Submitted by Tom McClellan.

This is a follow-up to my January 14, 2019 article, Lakewood Is On The Wrong Path For Its Biggest Environmental Problem, to which Lakewood’s Public Works Director Paul Bucich submitted a Jan. 18, 2019 response

I am grateful to Paul Bucich for laying out the City of Lakewood’s position regarding the decision making process concerning the treatment of the toxic algae situation in Waughop Lake.  It is clear that he and other City staff are working hard to move forward on a plan which he thinks will help with this problem.

But there are several errors of fact and omissions in Mr. Bucich’s response, which ironically was supposed to be about “the rest of the story”.  Most importantly, Mr. Bucich did not address the two main points I raised about why an alum treatment was a bad idea.  Those two points were:

Alum treatments in shallow lakes like Waughop Lake tend to fail after a very short time, according to a paper by researchers from the University of Washington.
The presence of carp in Waughop Lake will accelerate the pace of failure of an alum treatment, since these bottom-feeding fish will stir up the bottom sediments, reintroducing phosphorous into the lake water and bringing about more toxic algae blooms.  See this 2001 paper.

It is not clear from Mr. Bucich’s response why he would ignore these two important points, other than that they are inconvenient to the City’s plans to proceed with an alum treatment as directed by the City Council. 

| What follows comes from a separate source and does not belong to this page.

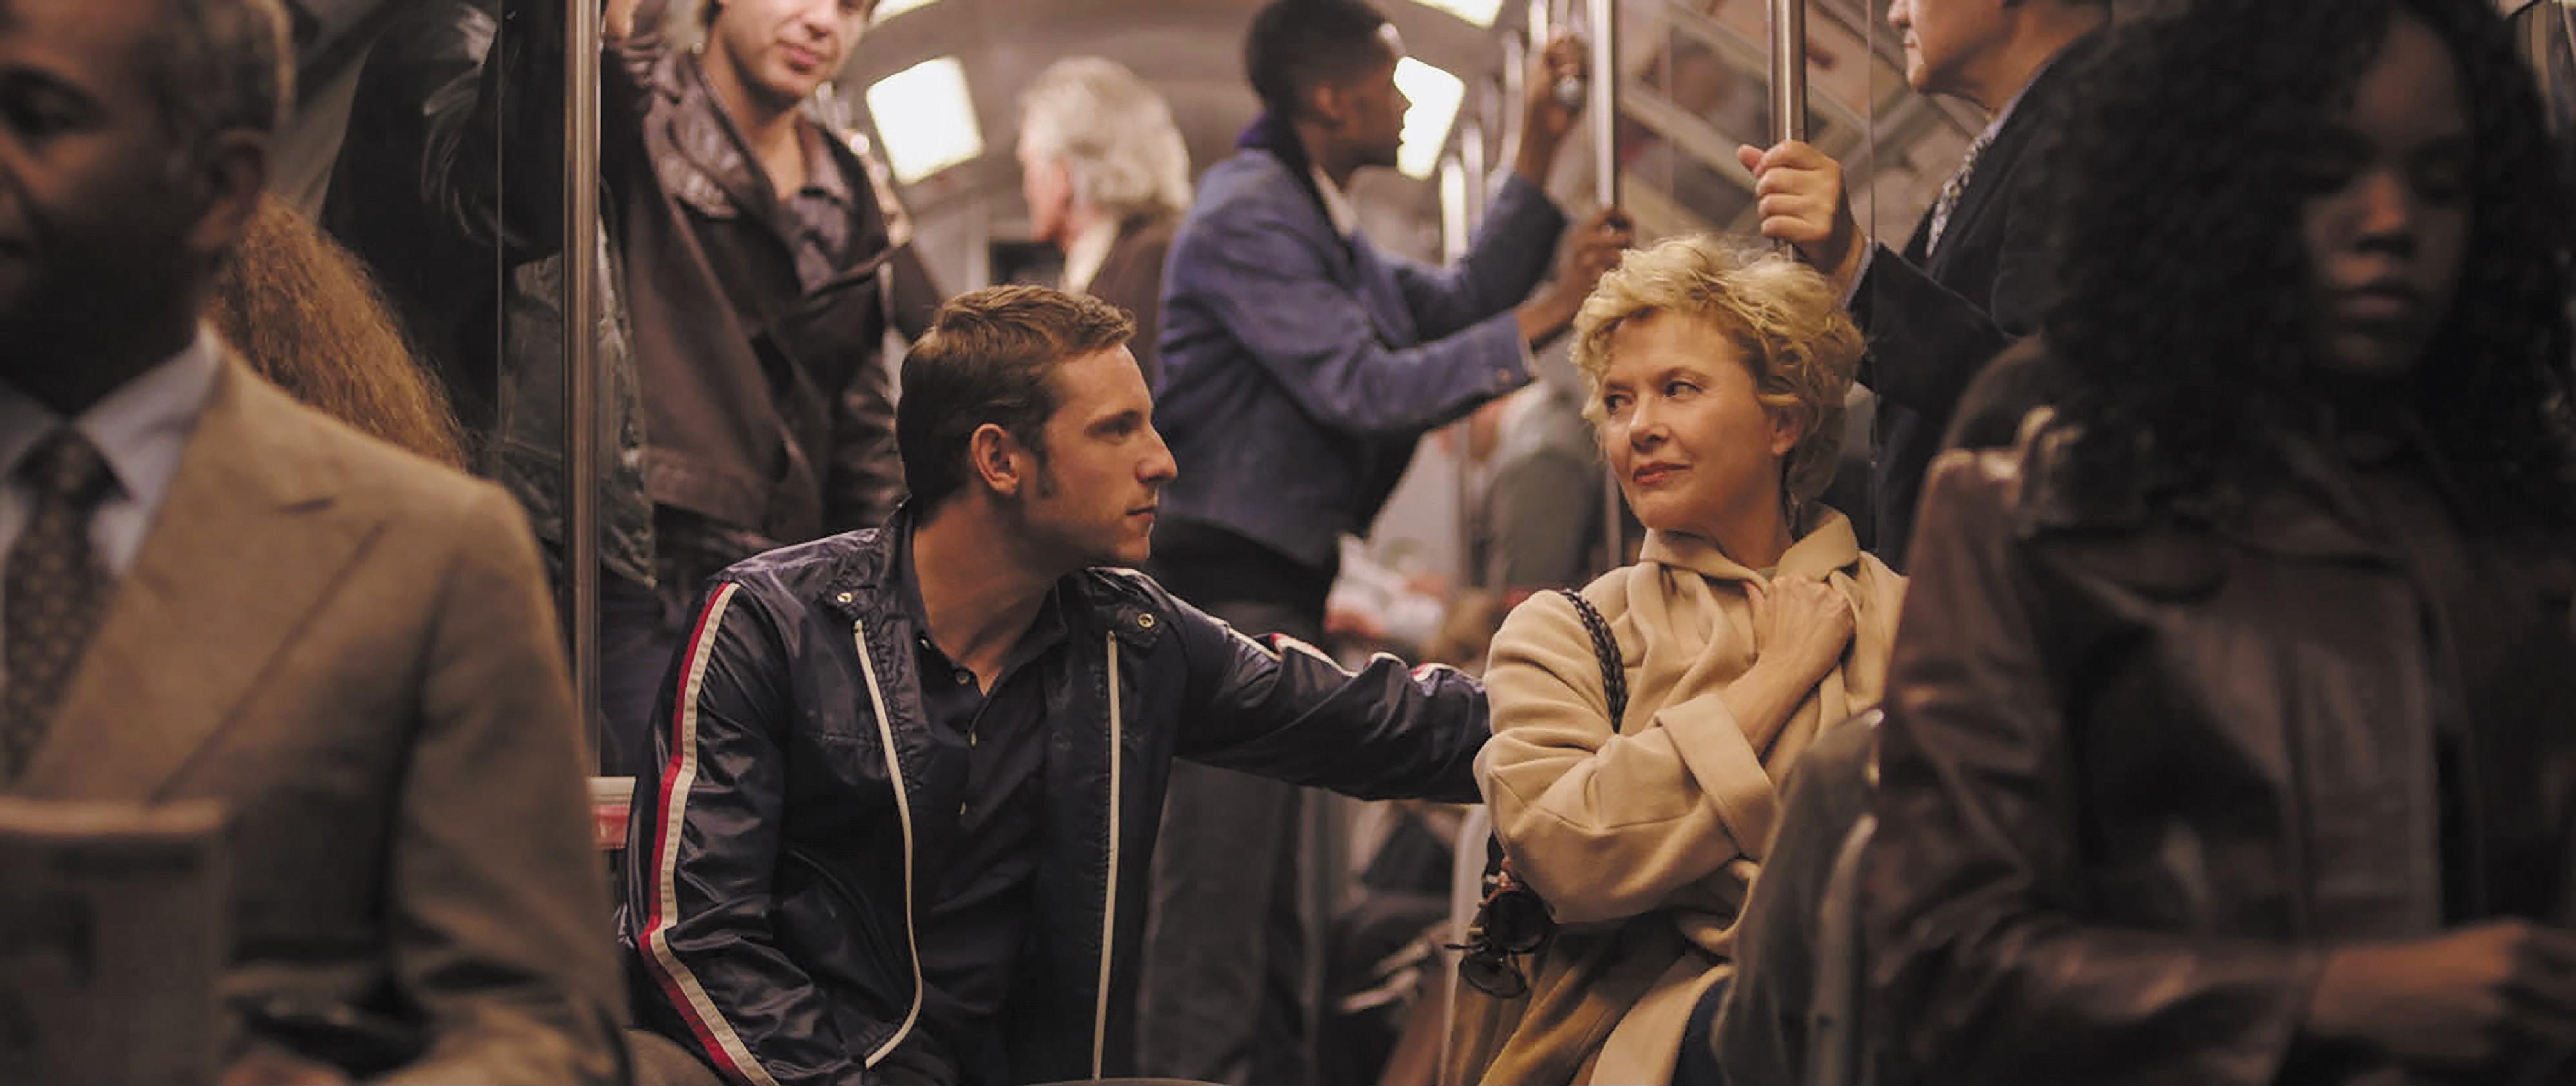 Film stars photos 93
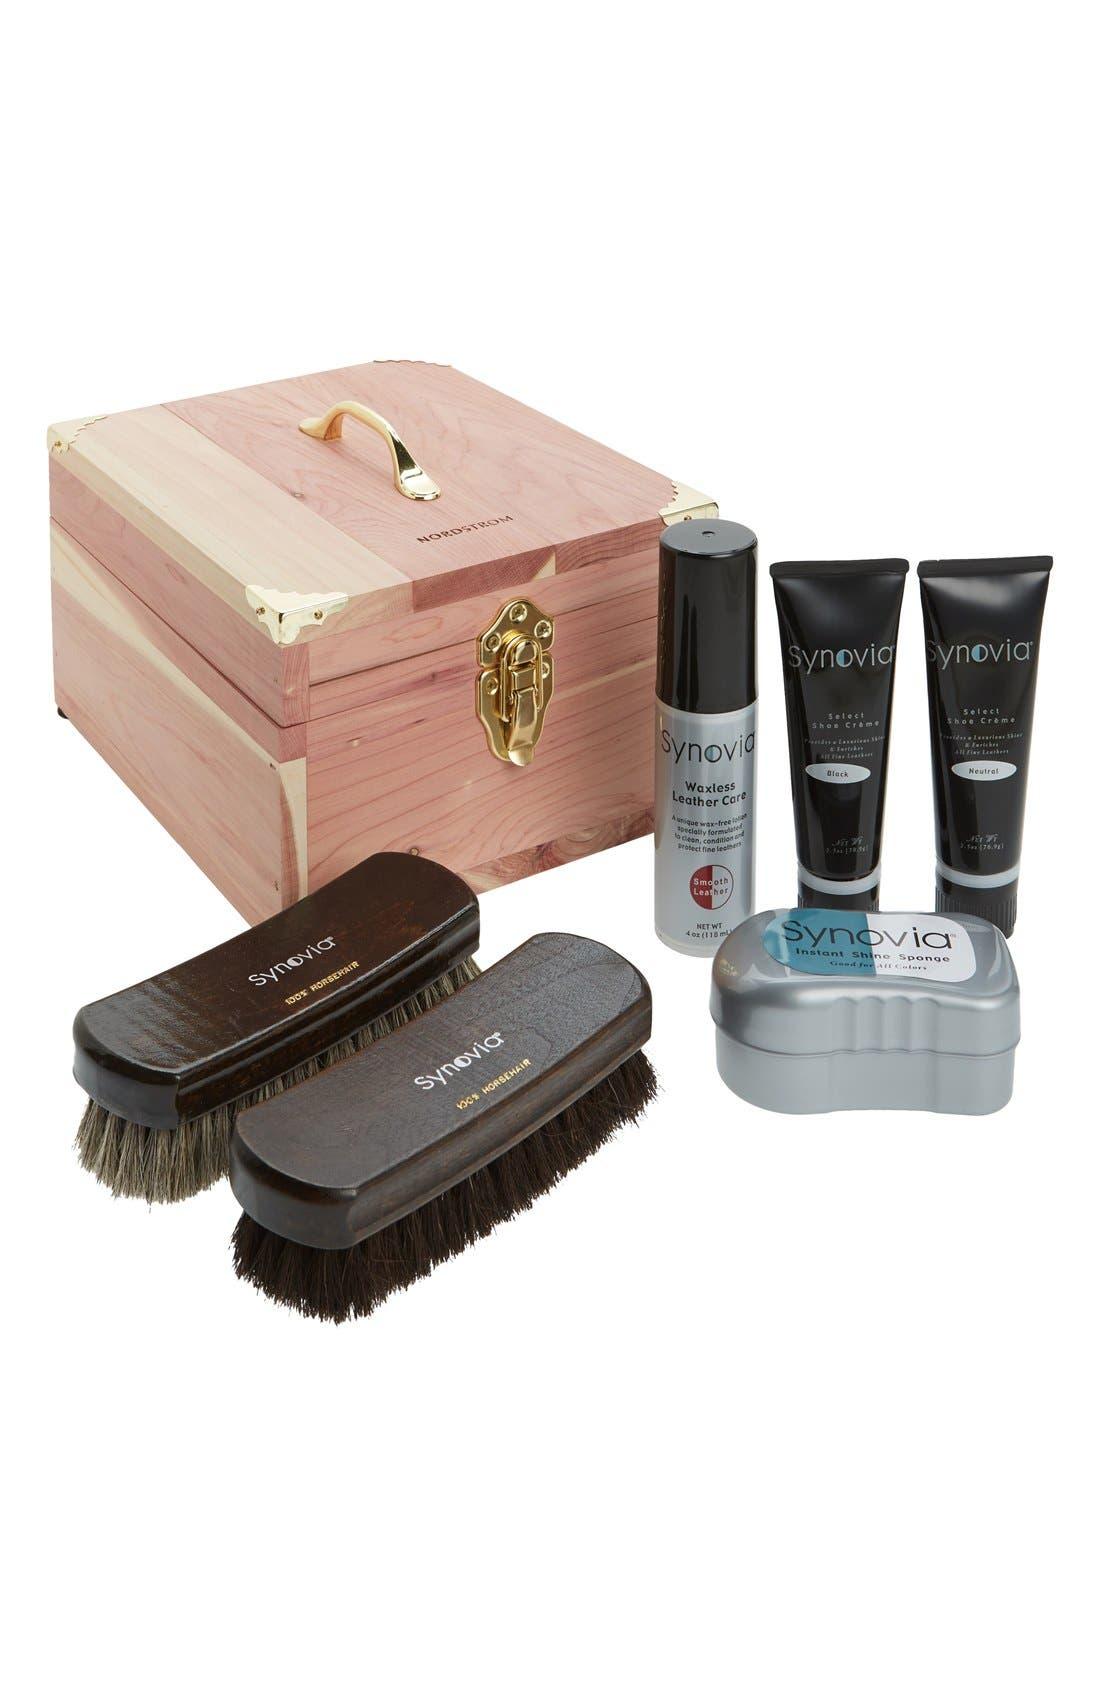 Main Image - Synovia Shoe Care Kit & Deluxe Cedar Box

What Mr. Bucich seemed to try to do in his response to my article was to address the points I raised about the need to dredge the phosphorous-laden bottom sediments.  But he made several errors of fact and analysis in that response. 

Mr. Bucich cites the opinions of “nationally recognized consultants”, without identifying whom he is referring to, and who he claims have evaluated options for addressing the algae blooms.  Citing the opinions of “experts” rather than addressing the point at hand is a famous logical fallacy known as “appeal to authority”. 

Later, he reveals that he is referring solely to one consulting firm, Tetra Tech, which the City has contracted with to do analysis about what is needed for the intended alum treatment. 

What Mr. Bucich did not reveal is that Tetra Tech is a consulting firm actively engaged in the activity of doing alum treatments in lakes.  So it should not be much of a surprise that a firm which earns money from conducting alum treatments would be a proponent of conducting alum treatments.  I wonder why he left out that very relevant point. 

Mr. Bucich did address one point which I raised, which is that alum treatments are risky and can sometimes turn out badly if they are done wrong.  I cited the example of Wapato Lake in Tacoma, which had an alum treatment in 2008 which went horribly wrong, killing the fish in the lake because of improper application of the chemicals.  In response, Mr. Bucich asserted that the City of Lakewood will seek to minimize this risk by “contract[ing] with our design firm to ensure a qualified expert is on hand to oversee the application to Waughop Lake.  The expert we are working with from the consulting firm of Tetra Tech has over 40 years’ experience, is a nationally recognized Ph.D water quality scientist and expert who has designed and overseen the treatment of 200 lakes.”

But Tetra Tech is the very same firm which oversaw the treatment of Wapato Lake that turned out horribly.  Mr. Bucich left out that particular point. 

“The State Should Do It”

Mr. Bucich noted that the 1970 lease (he said 1967, but why quibble) under which the State of Washington conveyed control of what is now Fort Steilacoom Park to Pierce County (and then later to Lakewood) was written so as to “release the State of Washington from any and all responsibilities for virtually anything related to the park lands.”  So that means we presumably cannot demand that the State pay the cost of cleaning up the mess it made in Waughop Lake, courtesy of 80+ years of dumping farm waste and human sewage into Waughop Lake, in addition to the 40+ years of human sewage overflow from Pierce College, which is on State-owned land.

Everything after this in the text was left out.